Over 900 trees had meanwhile been felled, and some key structures of the Youth Centre demolished. An estimated 150,000 more trees and shrubs are likely to be felled for a proposed Crown Way Road that will encircle the inner core of Auroville. According to some residents and representatives of the Auroville Foundation’s Governing Board, whose members are appointed by the Central Government, this road is part of the original vision of the Mother (Mirra Alfassa, 1878–1973), who founded Auroville. The Mother was a collaborator of Sri Aurobindo, one of India's most well-known philosophers, proponent of integral yoga, and a spiritual visionary; Auroville was her way of putting Aurobindo's vision into practice. Most residents however dispute this ‘fact’, pointing out that the original vision, and a Master Plan made in 1999-2001, has no detailed Development Plan that dictates the precise dimensions and alignment of the Crown Way. As residents Lakshmi Venugopal and Tejaswini Mistri-Kapoor note, the Master Plan stresses an approach that is “neither traditional, nor static and rigid”. On a recent visit to Auroville, I found that residents have in fact provided alternative routes that only require minor adjustments to the official proposals, and would help save most of the trees. They pointed out to me that the Governing Board and ATDC are interpreting the Mother’s vision very rigidly, insisting on a ‘perfect circle’ with an alignment that will mean not only unnecessary levels of tree-felling but also destruction of wetlands and water courses that are crucial for the water security of Auroville and of villages downstream. At Darkali, the stewards who have helped regenerate barren land into a lush forest, showed me precious waterbodies that the ATDC alignment will destroy, whereas the alignment suggested by residents, just a few metres to the side, will help avoid this. Equally alarming is a plan to make 12 radial roads connecting the Crown Way, something not envisaged in the Master Plan, and likely to destroy even more forests and waterways.

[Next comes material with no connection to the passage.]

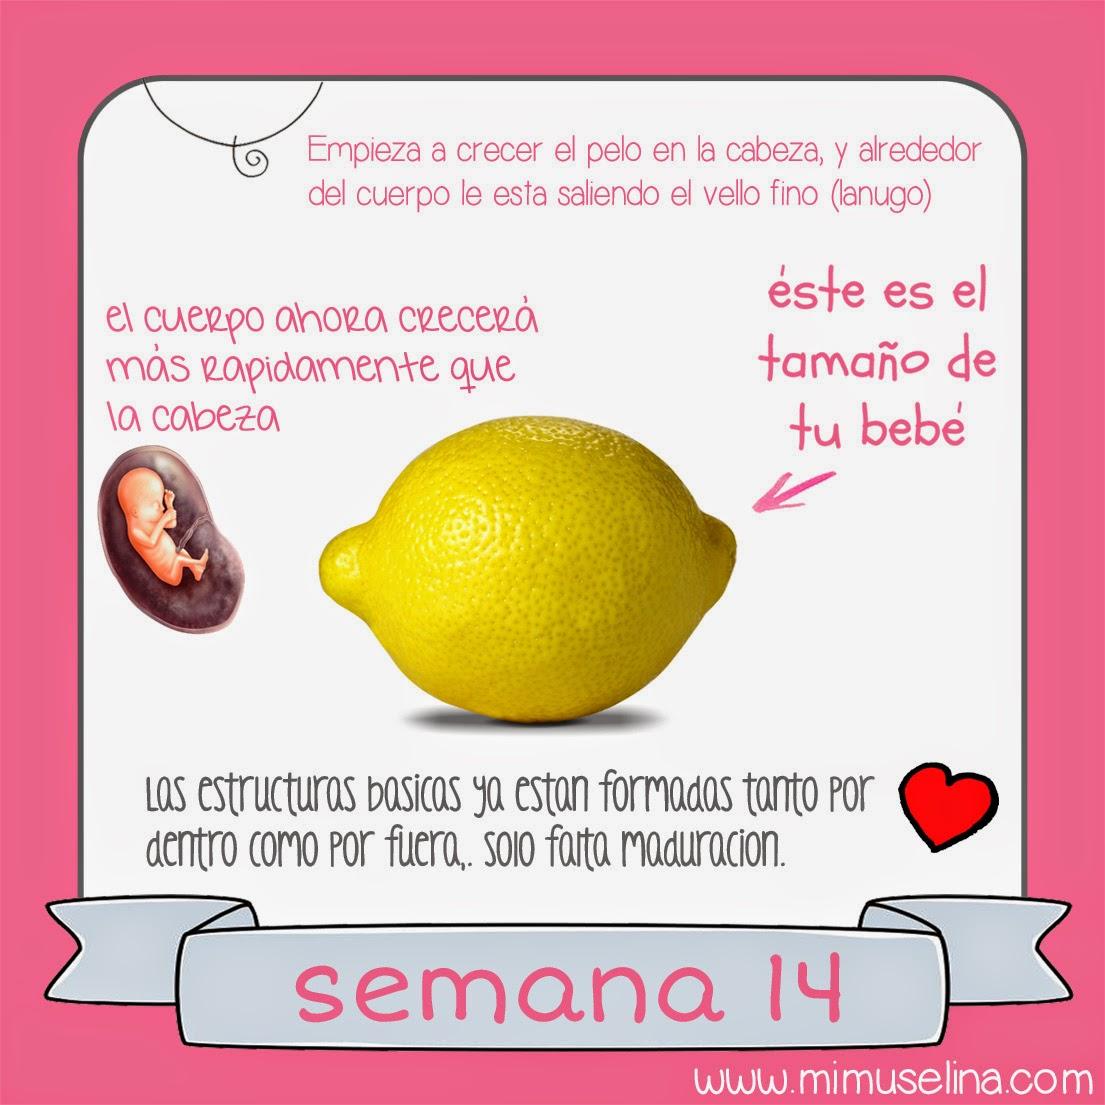 754e084a7 BebeBlog by mimuselina  Semana 14 embarazo. Tamaño y evolución del bebé   mimuselina

Auroville: a dream for humanity
In 1965, The Mother put forth the idea of Auroville as “a universal town where men and women of all countries are able to live in peace and progressive harmony above all creeds, all politics and all nationalities. The purpose of Auroville is to realise human unity." Inaugurated in 1968 with a ceremony in which people from 124 countries took part, its charter said that it “belongs to humanity as a whole … will be the place of an unending education … the bridge between the past and the future … a site for material and spiritual researches for a living embodiment of an actual human unity”. The Indian government not only enabled it by providing land and other support, but also took the idea to UNESCO in 1966, which recognised it as a project of importance for the future of humanity. Today, its residents are from nearly 60 countries, a little less than half of them Indian.

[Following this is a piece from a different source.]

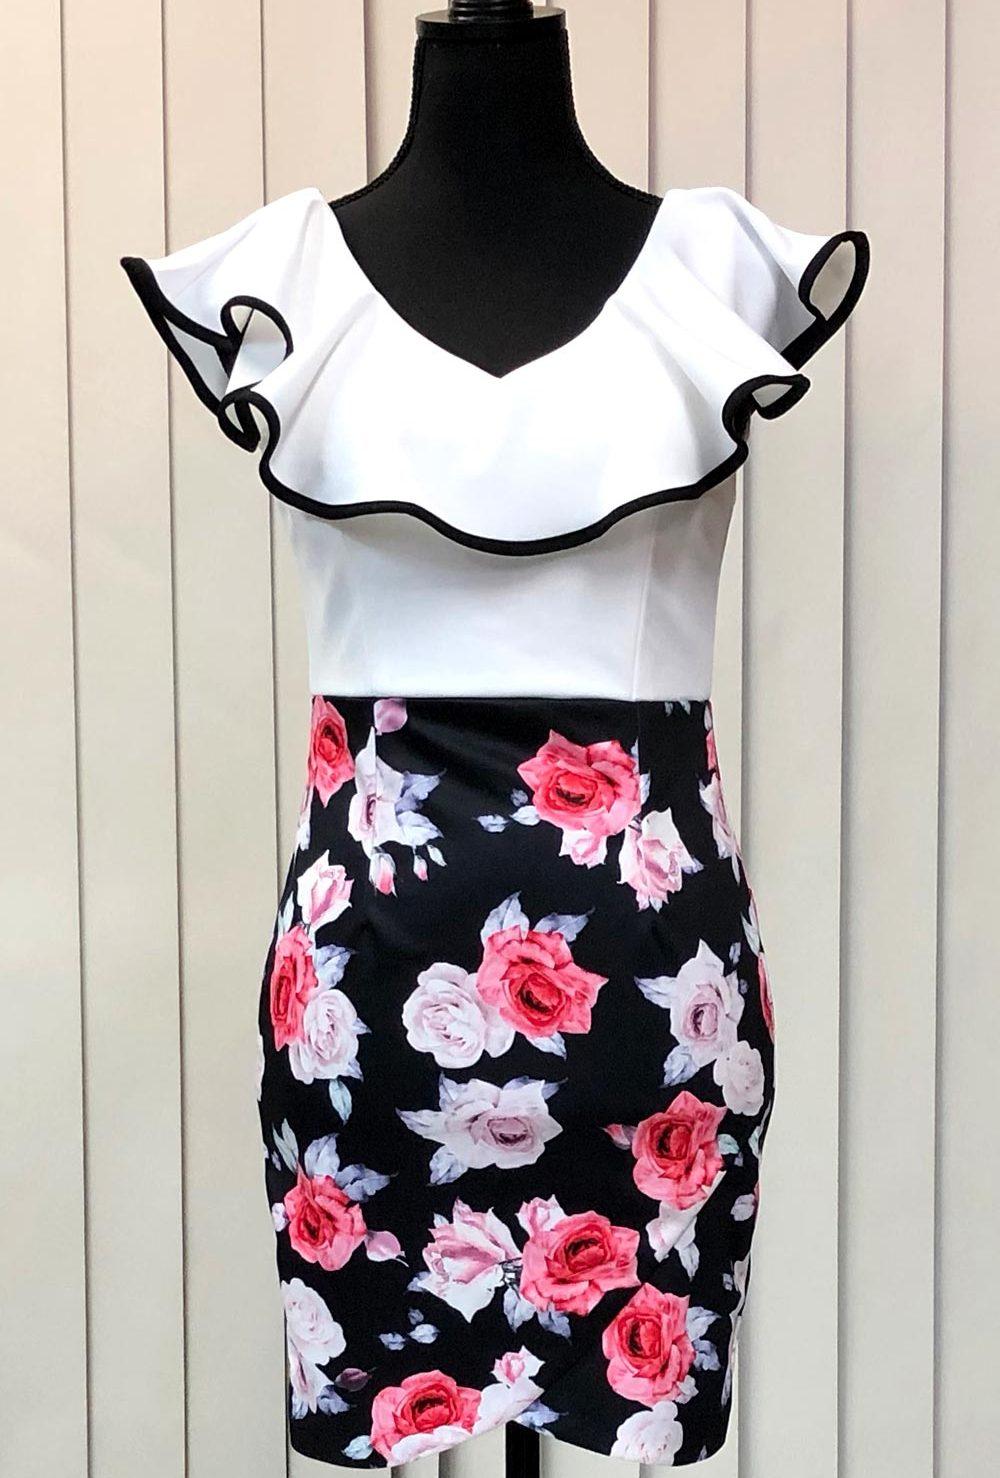 黒の地にバラの花のドレス

Over the last five decades, Auroville has also been the hub of lots of exciting experimentation in sustainable farming, alternative architecture and construction, watershed management and water harvesting, renewable energy, community healthcare, craft and cultural regeneration, alternative learning and education, gift economy and localised exchange, waste management, and a range of less ‘tangible’ socio-cultural dimensions of life. As described in detail in ‘Auroville: Smart City of Another Kind’, a recent publication put together by residents Claude Arpi, Alain Bernard and Christine Devin, Auroville’s initiatives range across a wide spectrum of economic, political, socio-cultural and ecological issues.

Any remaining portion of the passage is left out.